Bringing God Down to Your Level

August 19, 2015

Bible Text: Leviticus 19:12 | Speaker: Dr. Harold J. Sala | Series: Guidelines For Living |

Do not swear falsely by my name and so profane the name of your God. I am the LORD. Leviticus 19:12

What can bring God down to your level? There are two ways you can do this: One way is by debasing Him, or trivializing Him, dragging Him down to where you are. The other way is to invite Him to come to your aid, touching you where you are. The first way is to profane Him; the second way is to pray to Him. Both really do the same thing but do it different ways.

When folks use profanity, they invoke God’s name in ordinary conversation. It is done today so often and so frequently that most people don’t even think about it any more than they think to breathe. They say, “Oh God,” as an interjection much as another person might say, “Oh, no.” “Were you praying or using profanity?” I asked one youth who was sprinkling God’s name in his conversation the way I would use salt and pepper on my eggs at breakfast. “Oh,” he said, “I never think about what I’m saying. It’s just an expression.”

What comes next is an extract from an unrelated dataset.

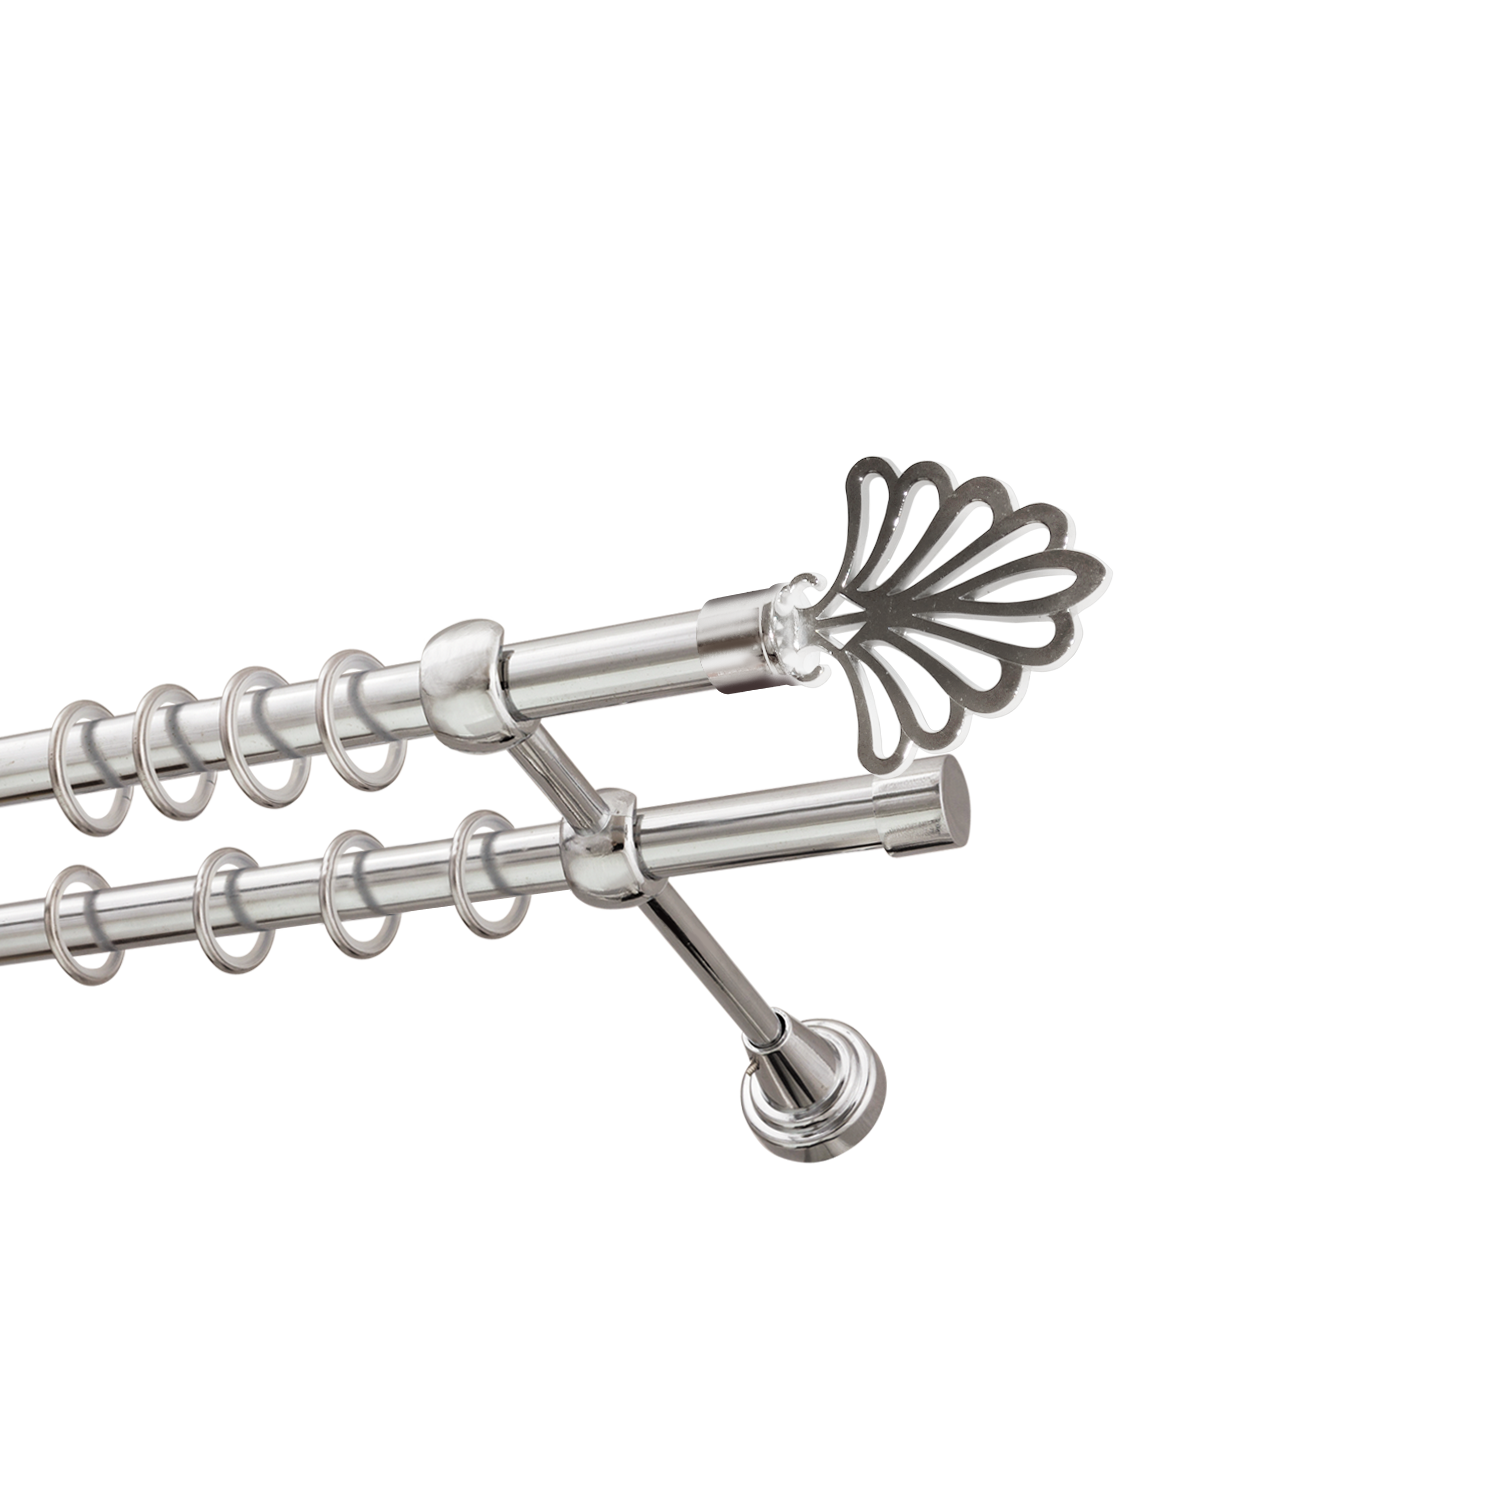 Металлический карниз для штор Бутик, двухрядный 16/16 мм, серебро, гладкая штанга, длина 240 см - фото Wikidecor.ru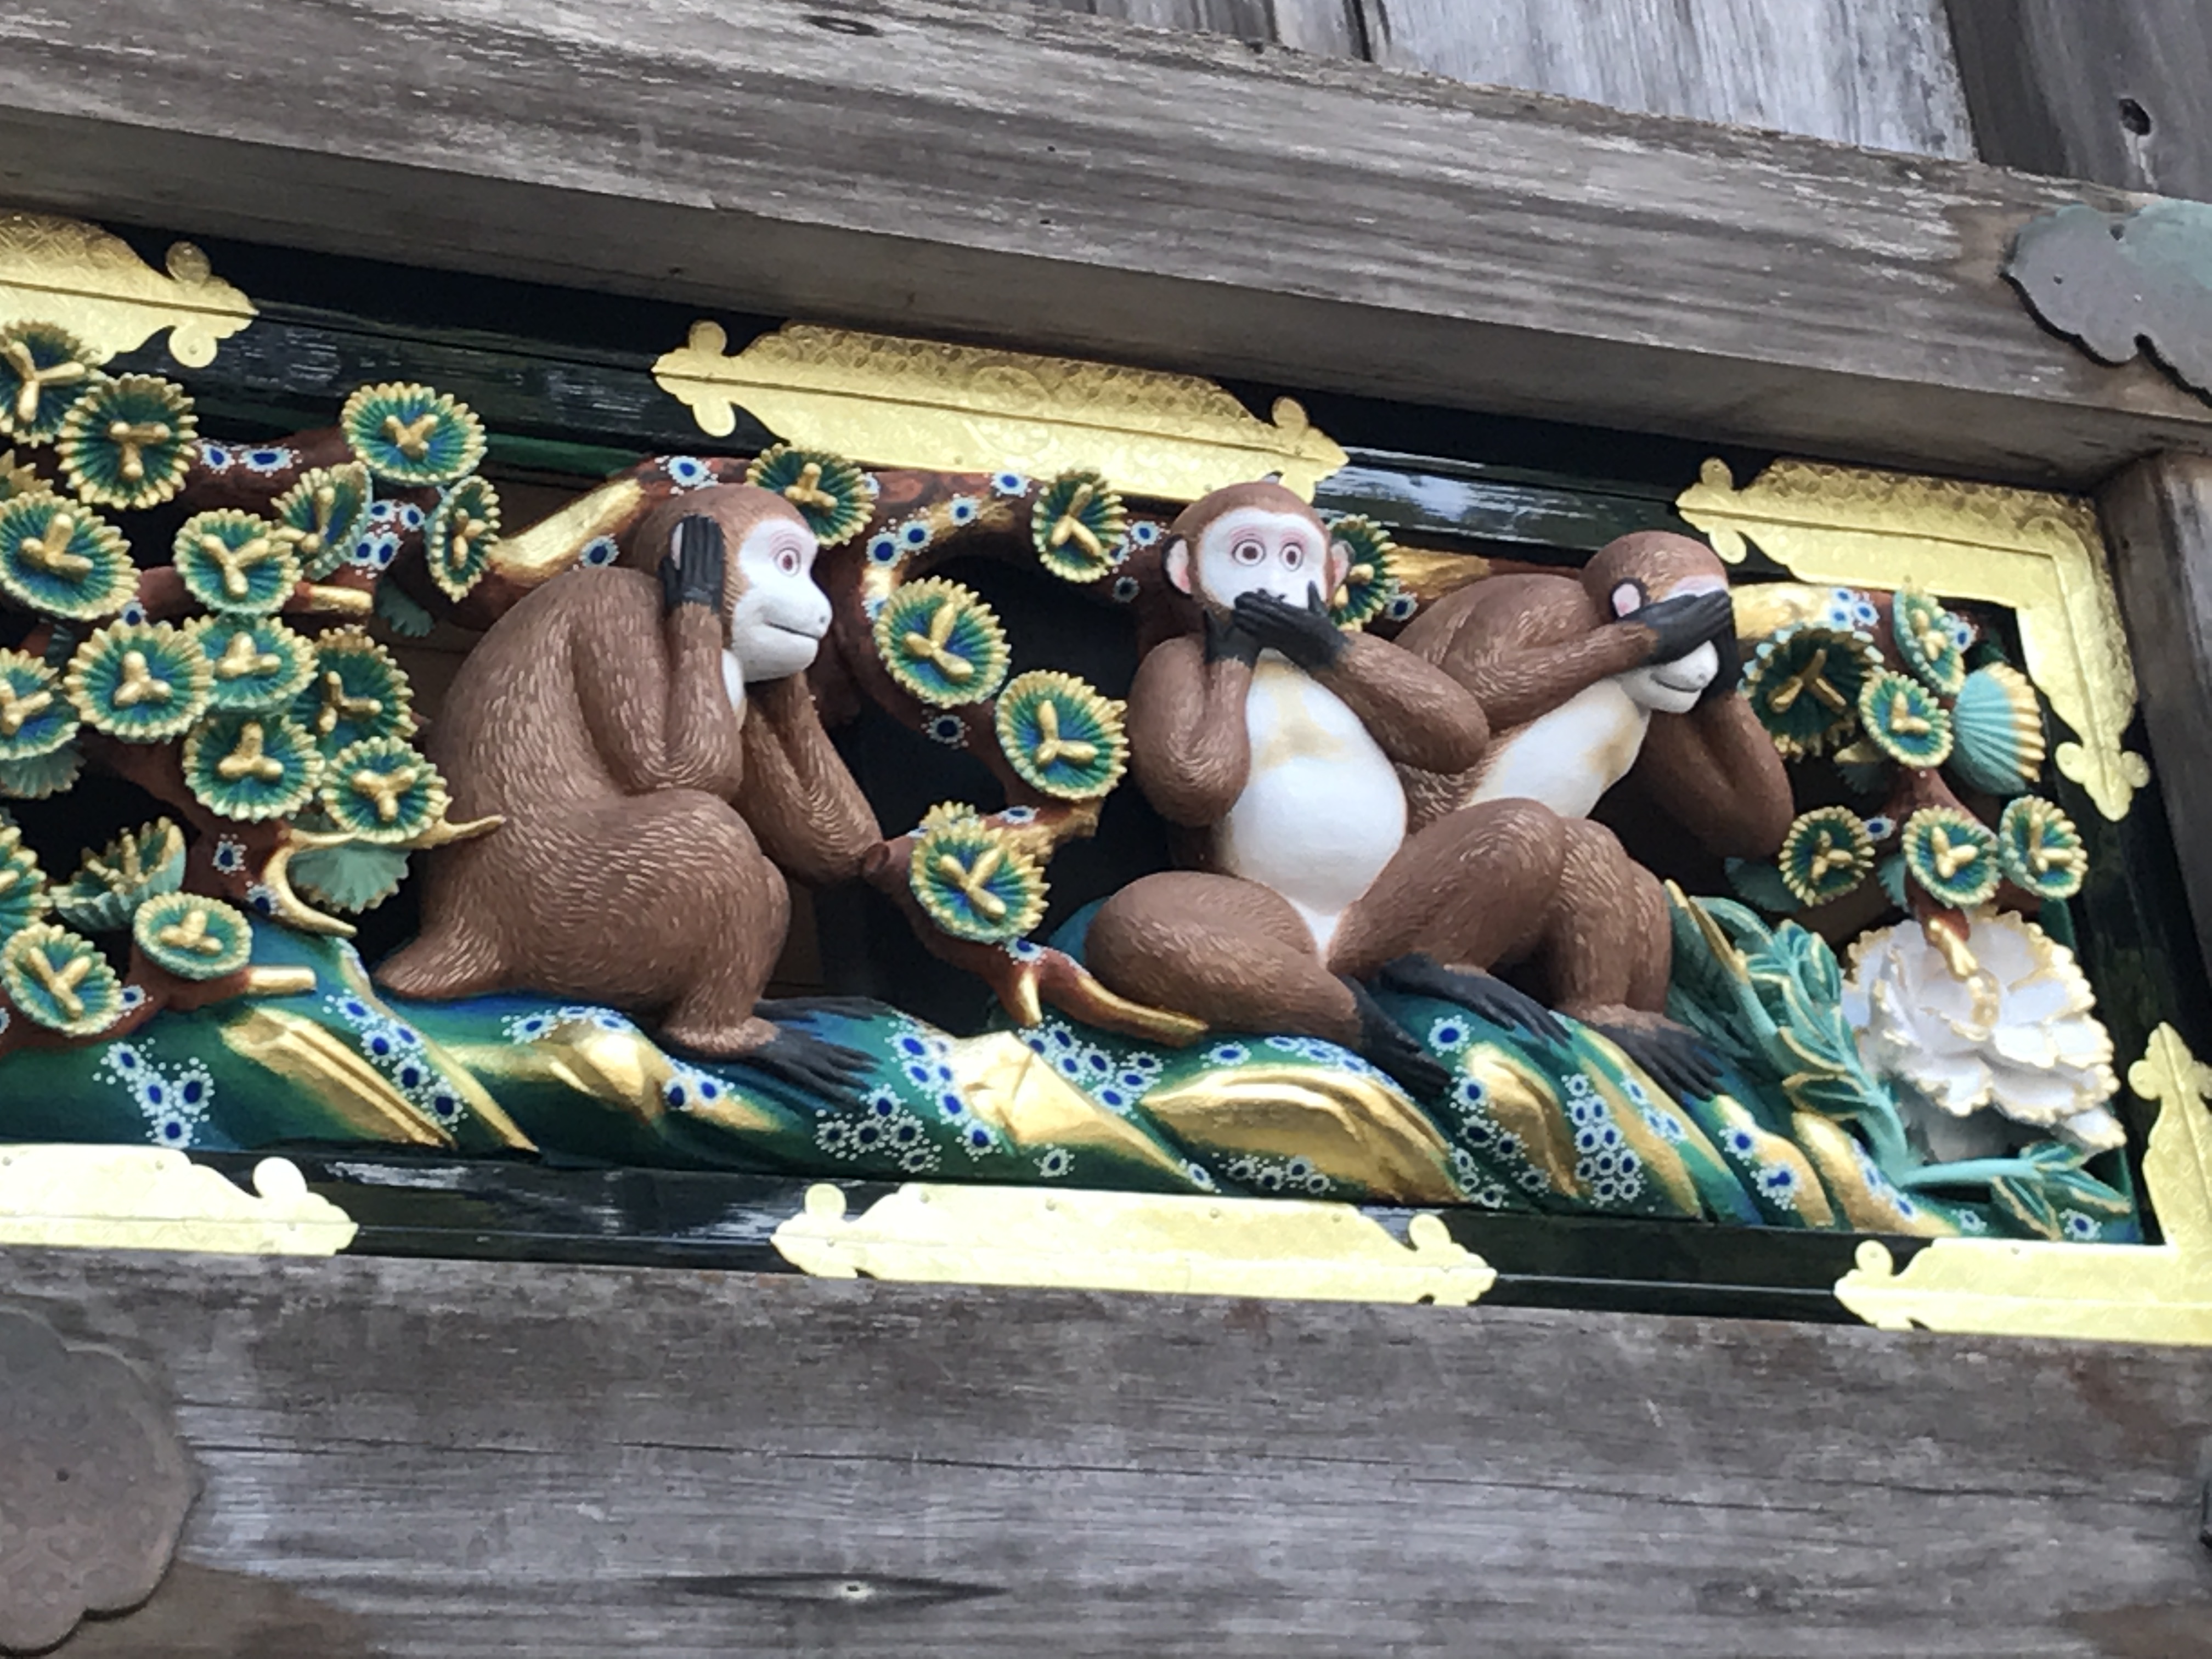 日光東照宮の三猿の彫刻

Our English word profane comes from two Latin words (are you ready for a brief lesson in semantics?) pro meaning “before” and fanus which means “temple.” It’s the idea of going into the temple and dragging out something, which is considered holy or consecrated, pulling it into the street. In time the word came to mean “serving to debase or defile what is holy,” says the Miriam Webster Dictionary. The name of God was so holy to the ancient scribes who copied the scrolls, which we know as the Bible today, that if they miscopied one of the names for God, that scroll was given ceremonial burial—not simply crumpled and tossed.

Using profanity wasn’t the only way that God was profaned, says the writers of Scripture. In the text recorded in Amos 2:7, God says that when a “father and a son use the same girl…[they] profane my name.” A passing thought. Have you ever wondered why people don’t profane Mohammed’s name, or the name of Buddha, or the name of celebrities or world leaders? But profaning the Almighty, whether it be by trivializing His name or by making a mockery of that which is pure and holy, drags Him from the temple just as surely as if you would invade a pagan temple and parade an idol through the streets.

Another way to bring God to your level is through prayer. Here God responds to your invitation. The attitude is totally different. Instead of defiance, which is the attitude of profanity, helplessness is the attitude of prayer. It is the cry of a child raising his weak voice to his father, the petition of a hurting heart to a Sovereign who has the power, the love and compassion to reach down to your pain, your loneliness, or your need and respond in love.

Whether you strive to bring God to your level through prayer or through profanity is largely determined by your attitude towards God, by your understanding of who He is. You have to decide whether you want to take a cheap shot at Him because you are angry or just indifferent to who He is, or acknowledge that He is indeed the Almighty and that you are His child as you pray to Him. In either case you bring God down to your level, or at least you presume to.

A closing thought. If you went into a pagan temple—Indiana Jones style—in a jungle somewhere, and dragged the villager’s god out into the street, they would probably skin you alive, right? Strange, isn’t it, though, how we allow the same thing with a holy and true God, and seldom, if ever, raise our eyebrows when our contemporaries defile God’s name? We say nothing in protest and register no offence. Some things just don’t make sense, do they?